Céline Novel à propos de Oh la la !
Cinergie : Quel est le film déclic que tu as vu enfant ou adolescente et qui t'as donné envie de réaliser?
Céline Novel : Plus que des films, ce sont des réalisateurs, dont j'ai vu les oeuvres pour la première fois AU CINEMA, qui m'ont donné le goût de la mise en scène. Et plus qu'un déclic, je dirais que c'est une flamme que j'entretiens constamment en re-visionnant leurs films. Woody Allen et Manhattan. L'humour de ce type totalement névrosé, la poésie magique du noir et blanc, Diane Keaton et Woody Allen qui se chuchotent des choses au planétarium. Cassavetes et Love Streams. Ces personnages sont bouleversants et ce réalisateur est totalement sincère en tournant. Leur amour débordant a traversé l'écran et m'a touchée droit au coeur. Barbara Loden et son sublime Wanda. Une vision de la femme très originale, personnelle, audacieuse, radicale. Mais au-dessus de tous, il y a Maurice Pialat et TOUS SES FILMS. Quand j'ai le moindre doute sur la voie que j'ai choisie (la réalisation), j'en regarde un, de préférence L'Enfance nue. Illico presto, l'énergie revient et ma foi dans le cinéma est comme au premier jour.
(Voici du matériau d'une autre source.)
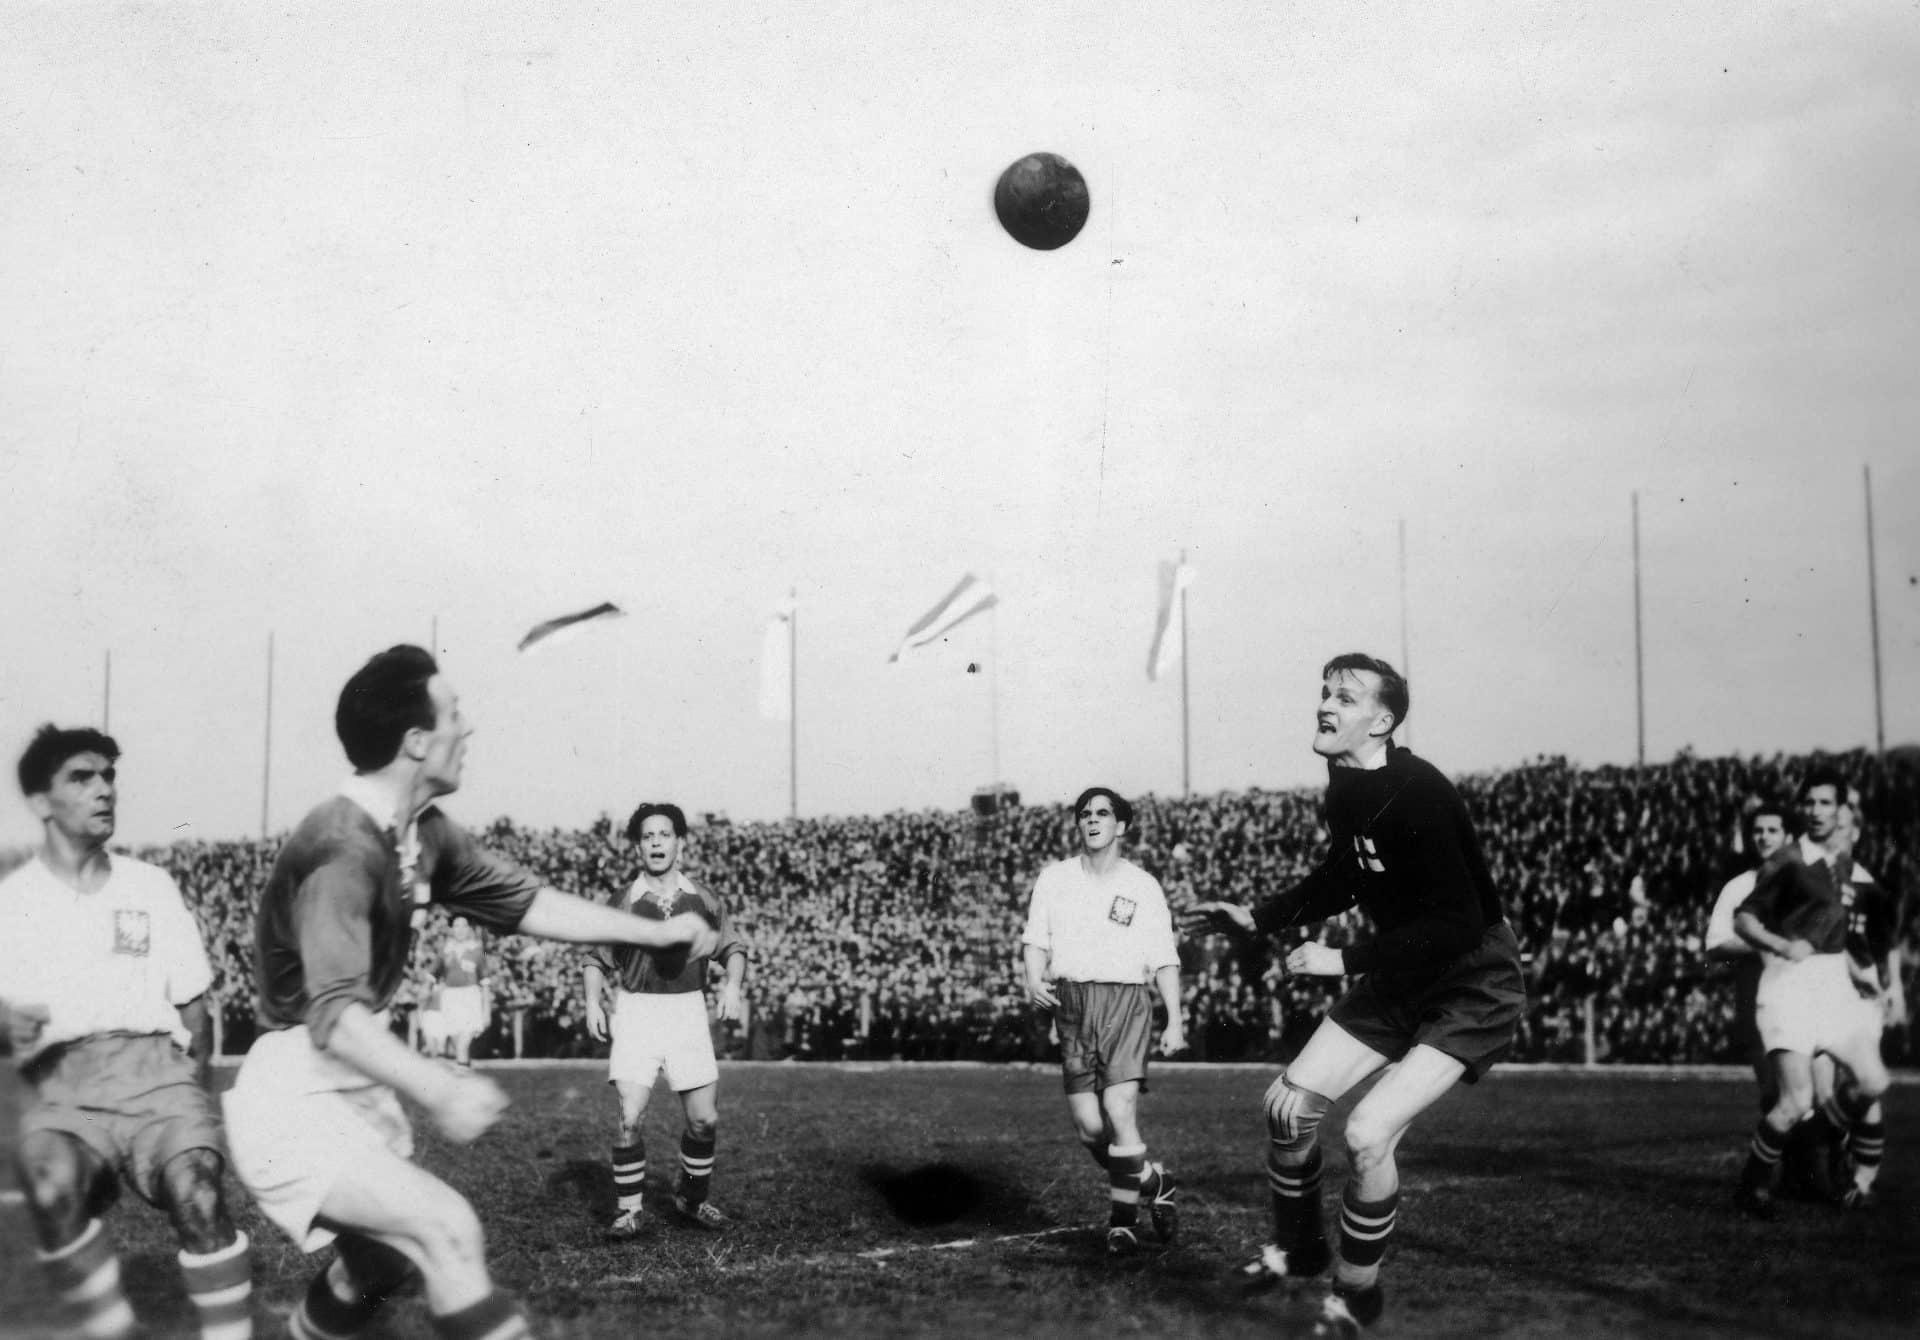 Wielkie Derby Krakowa 1948. Zdjęcie wykonano w 1948 roku. Widać na nim między innymi Mieczysława Gracza i Gerarda Cieślika. Źródło: Narodowe Archiwum Cyfrowe.

C. : Le noir et blanc est un choix plus esthétique qu'économique de nos jours. Pour quelles raisons l'avoir choisi?
C. N. : Je voulais qu'à travers la photographie du film transparaisse un sentiment de profonde mélancolie que les personnages n'expriment pas ouvertement. Pour traduire cette tristesse latente, le noir et blanc peu contrasté me semblait approprié. D'une manière générale, le noir et blanc m'attire beaucoup. J'y suis plus sensible qu'à la couleur.
C. : Le film a un petit côté burlesque mais aussi un côté "contes moraux" à la Rohmer, est-ce un choix?
C.N : Effectivement, le burlesque est un choix. J'aime créer un humour distancié où l'individu ne maîtrise pas totalement ce qu'il met en place, où les objets prennent un malin plaisir à vous taquiner. Je compte d'ailleurs poursuivre dans cette veine-là. Je n'ai jamais pensé aux « contes moraux » et je ne connais pas bien le cinéma de Rohmer aussi suis-je mal placée pour en parler.
C. : Les plans fixes avec raccord dans l'axe plutôt que l'utilisation du zoom renvoient au cinéma de la Nouvelle Vague?
C. N. : La Nouvelle Vague française, je l'avais en tête pour la lumière du film. Ma référence était « Adieu Philippine de Jacques Rozier. Il y avait aussi Les Fiancés de l'italien Ermanno Olmi pour le cadre. J'aime les cadres à distance des personnages, d'apparence simples, fixes et frontaux. Je ne me rapproche que si c'est vraiment nécessaire, pour faciliter la transmission d'une émotion bien précise. Pour ce film, le zoom me paraissait impudique, agressif et il ne correspondait pas à la temporalité du film. En tant que spectatrice, je n'aime pas qu'on m'impose quelque chose à regarder. Je préfère déplacer mon regard à l'intérieur d'une image et avoir le temps de le faire. Alors j'ai fait pareil pour mon film.
C. : Le contexte autour de Marguerite sont très présents dans le cadre. Son lien avec la nature de Belle-île (j'imagine que c'est Belle-île ) est une des choses que tu jugeais important de donner à voir?C. N. : Oui. Cela servait le propos du film mais donnait aussi une tonalité bien particulière au tournage. La maison était réellement isolée, à l'écart d'un hameau, au bout d'un chemin en terre et face à l'océan. Je n'aurais pas pu tourner dans un lotissement et tricher les axes de prises de vue pour faire croire qu'il n'y a personne autour ! Il n'y avait vraiment personne d'autre qu'une équipe de cinéma, une maison et un chien galeux qui a réussi à s'immiscer dans une prise. C'est à nouveau affaire de sensibilité : je me sens bien dans les décors naturels, les lieux déserts, dépouillés avec une nature de préférence rustique ! J'ai filmé des espaces dans lesquels je me sentais bien et qui visuellement m'inspiraient tout de suite des cadres.